Inter-cell Signaling Communication Network Discovery

Introduction

You can find the signaling communication network Discovery analysis in the “Communication and Drug” section. Signaling communication network Discovery analysis allows you to uncover the down-stream signaling of ligand-receptor of interest. Signaling communication network discovery use the ligand-receptor interaction database. For more information about setting ligand-receptor interaction database, see Set up.

downstreamNetwork

  1. First, select the two cell types you wish to analyze, along with the respective test and control groups.

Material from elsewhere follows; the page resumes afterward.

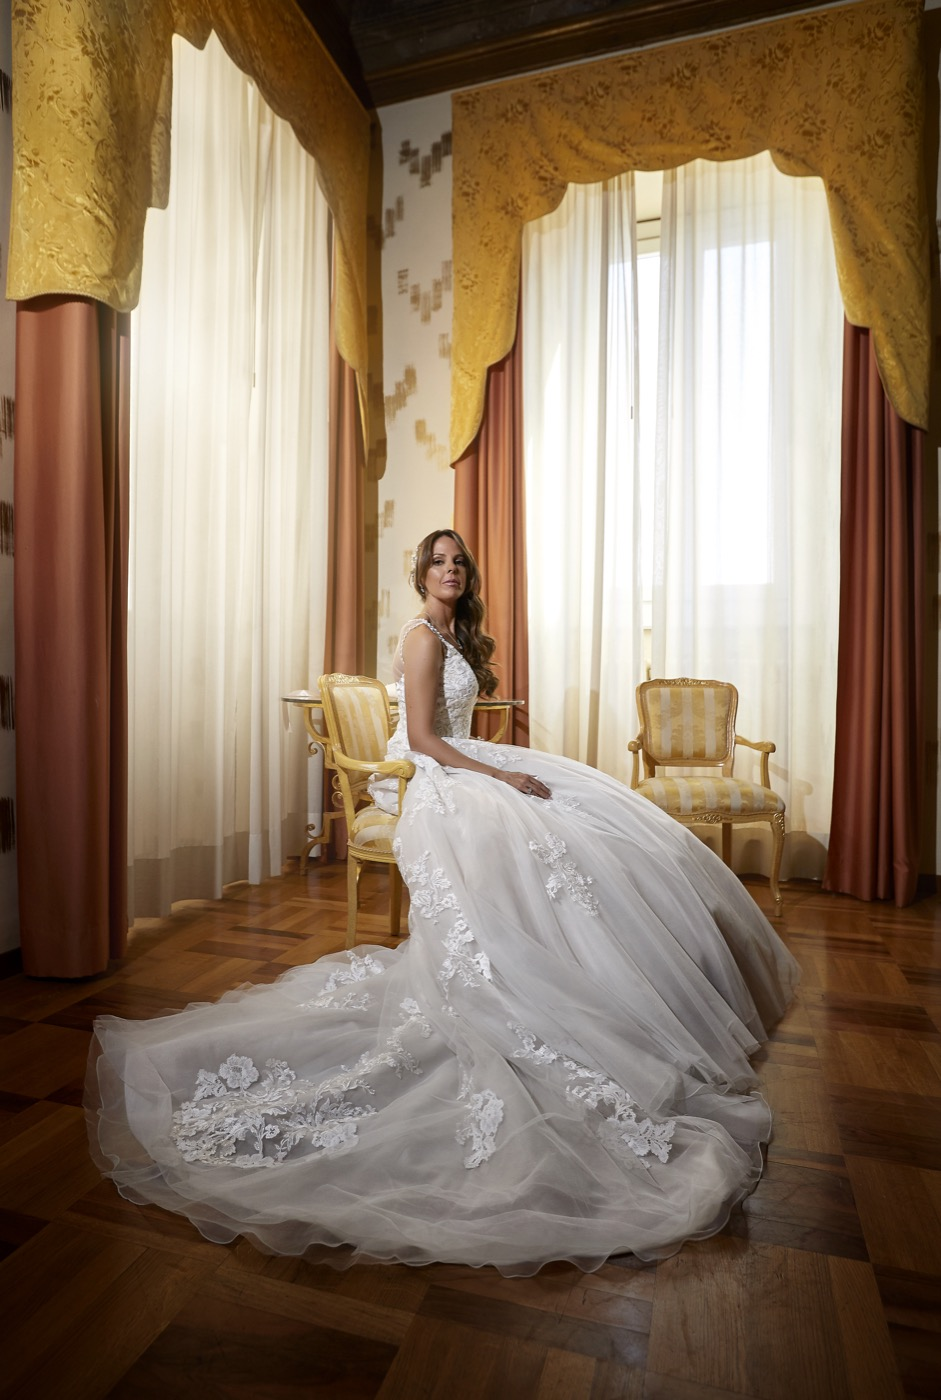 Claudio-Coppola-wedding-photographer-la-scuderia-eventi-preparativi-la-rosetta-perugia-34
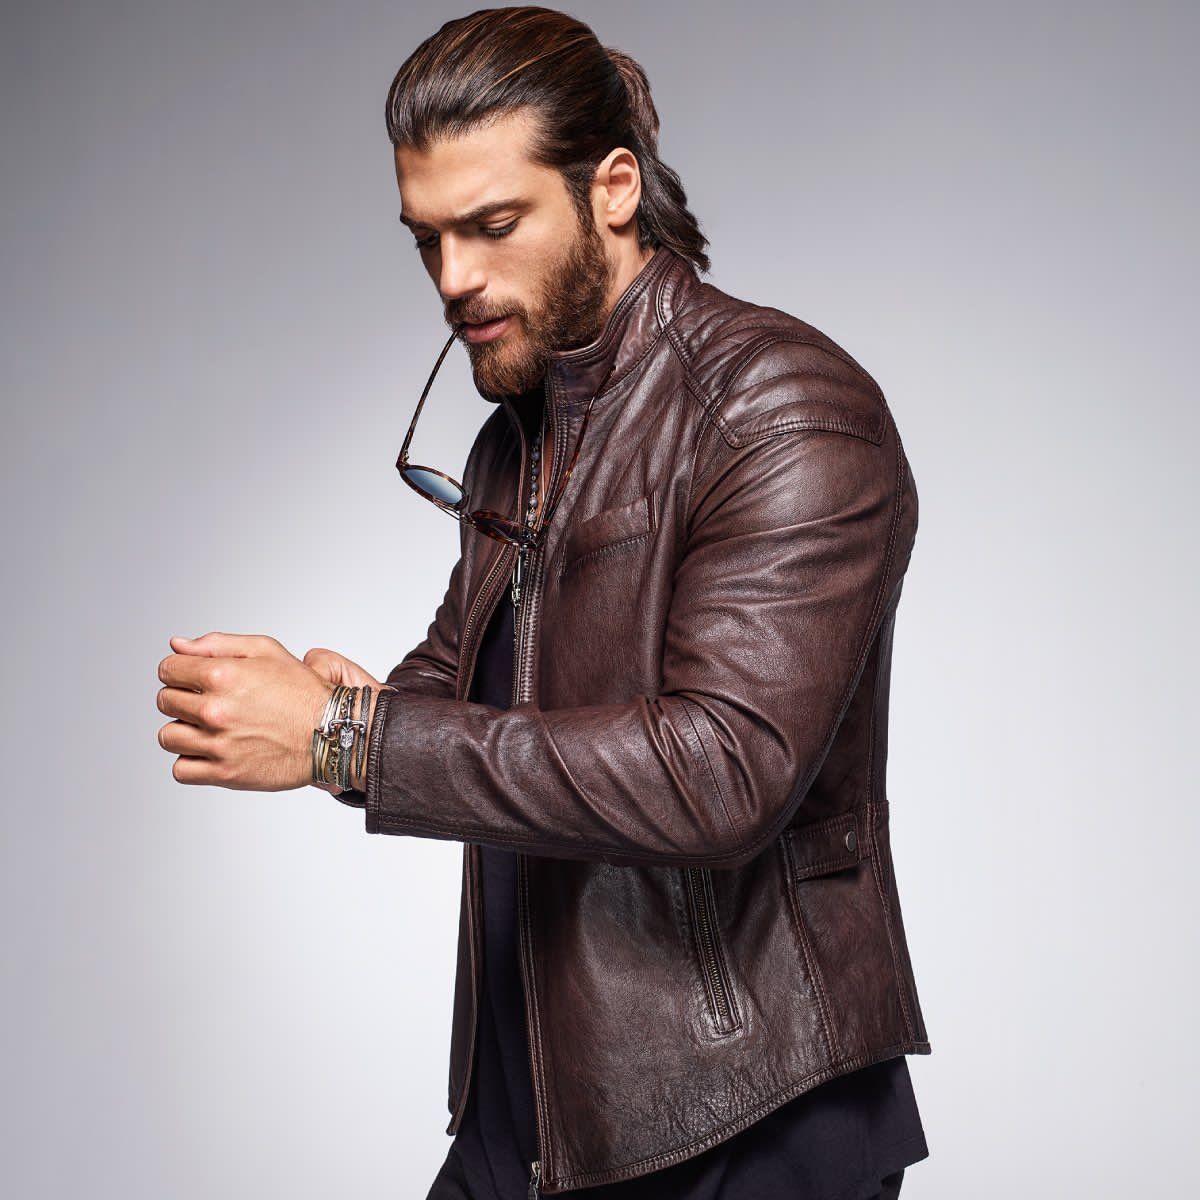 Pin By Samson On The Best Turkish Actors Actresses Stylish Men Handsome Leather Jacket Men Stylish Men [ 1200 x 1200 Pixel ]

  2. Next, choose the up-regulated log fold change threshold, p-value threshold,signaling resources and number of drugs. Notes that the sc2MeNetDrug will use different methods for different signaling resources, for more information, see Methodology part.(We would recommend you use KEGG since the computation time of SGTRING is much longer). The number of drugs is related to the drug discovering part. You can find more information in Drug discovering.

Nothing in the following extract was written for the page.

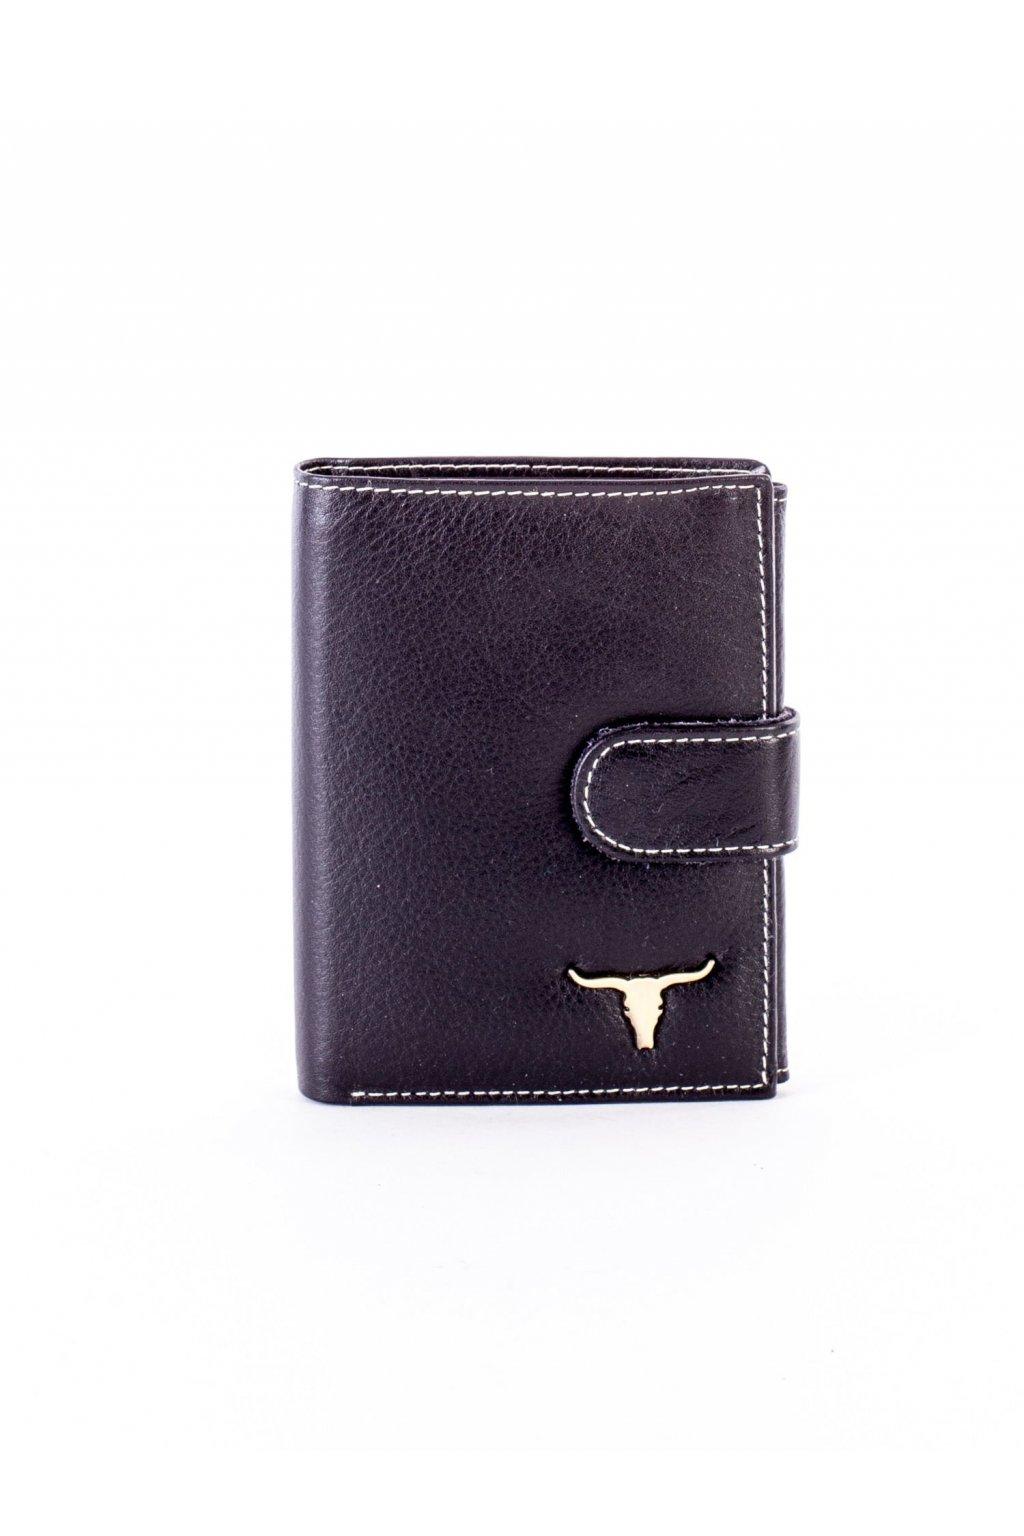 Pánska peňaženka kód CE-PR-RM-03L-BAW3.31

  3. If you’re analyzing a specific cell-cell combination for the first time, ensure the “Use saved calculation” checkbox is unchecked. If you’ve previously computed results for that combination and merely want to adjust thresholds, enable the “Use saved calculation” option to reduce computation time. Be aware, for any given cell-cell combination, the application retains only the most recent computation. So, if you’re maintaining the same cell-cell combination but changing the test or control group, deselect the “Use saved calculation” checkbox.

  4. The “Only use drug bank drug in drug discovering” check box is related to the drug discovering part. You can find more information in Drug discovering.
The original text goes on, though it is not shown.